Oleg oder Die belagerte Stadt - Roman
Etwas ruhiger lief er weiter. Leningrad war schön unter dem vielen Schnee. Man sah die Verwüstungen nicht so deutlich. Die Trümmerhaufen und sogar die Sandsäcke rund um die Standbilder auf dem Platz waren mit einer dicken Schneeschicht zugedeckt.
›Ein Glück, dass es so schneit!‹, dachte Oleg. Da wusste man doch wenigstens, dass keine deutschen Flugzeuge die Stadt bombardieren konnten.

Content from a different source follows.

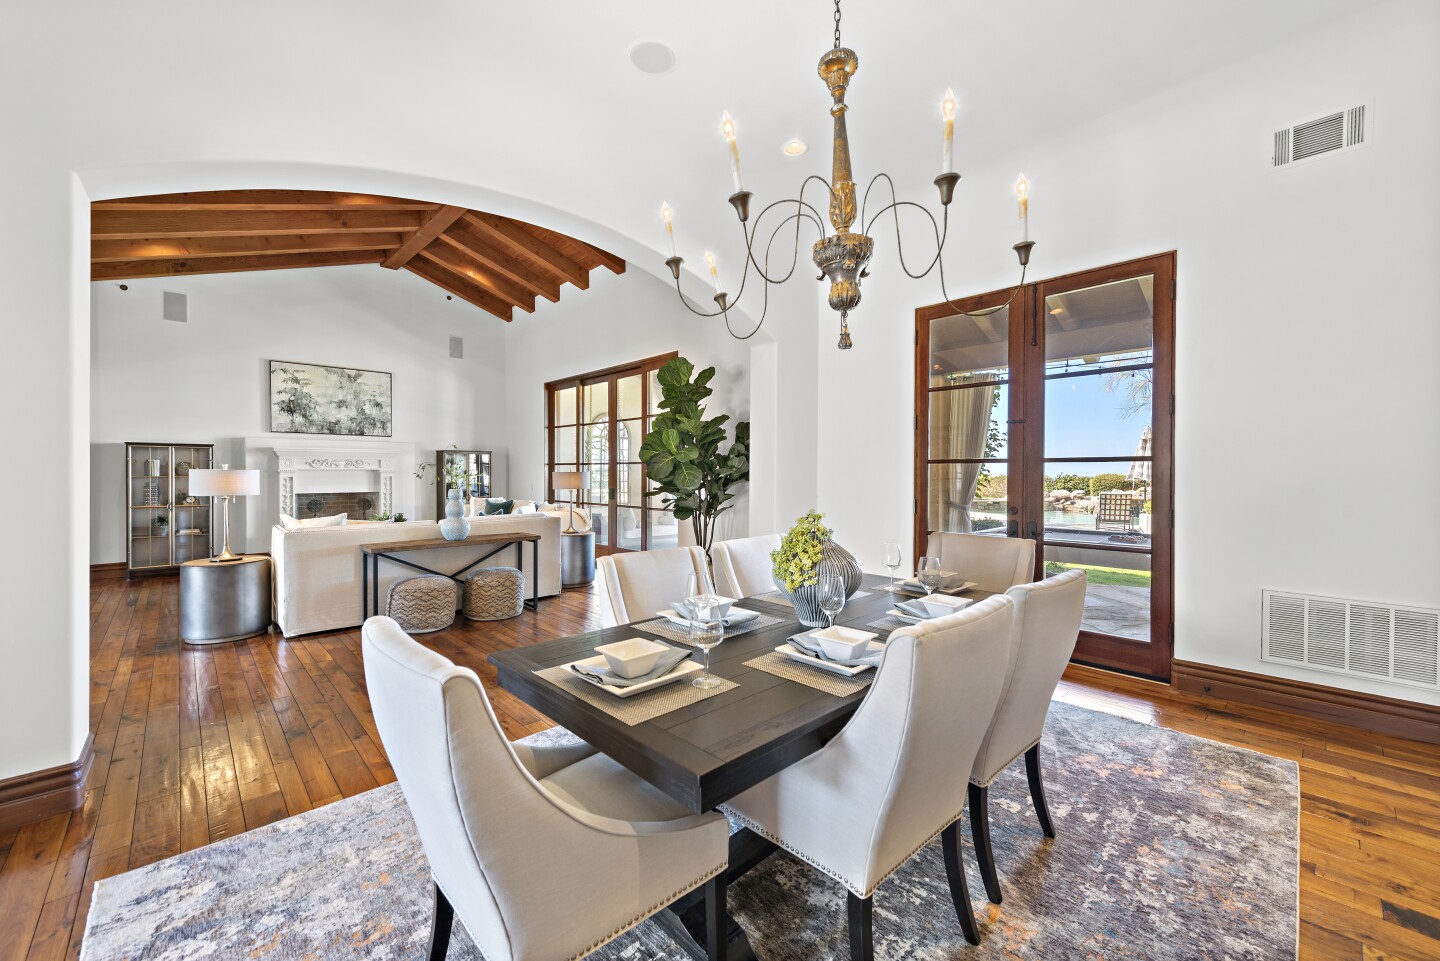 Philip Rivers' San Diego home | Hot Property - Los Angeles Times

Langsam stieg Oleg die Stufen zum ersten Stock hinauf. Seinen Suppentopf hatte er unten im Treppenflur abgestellt. Er scheute sich etwas, bei Nadja zu klingeln. Musste er ihrer Mutter irgendetwas sagen, weil ihr Mann und Serjoscha nicht mehr lebten? Sagen, dass es ihm leidtue? Oleg zog an der Glocke. Er hörte sie deutlich klingeln. Aber niemand kam und machte auf. Er klingelte noch einmal und schaute zur Treppe. Er dachte an die vielen Male, die er hier mit Nadja gespielt hatte. Richtige Nadja-Spiele: verrückte Fragen stellen und rasch antworten. Bei jeder guten Antwort durfte man eine Stufe hinunterspringen. Es ging darum, wer als Erster unten war.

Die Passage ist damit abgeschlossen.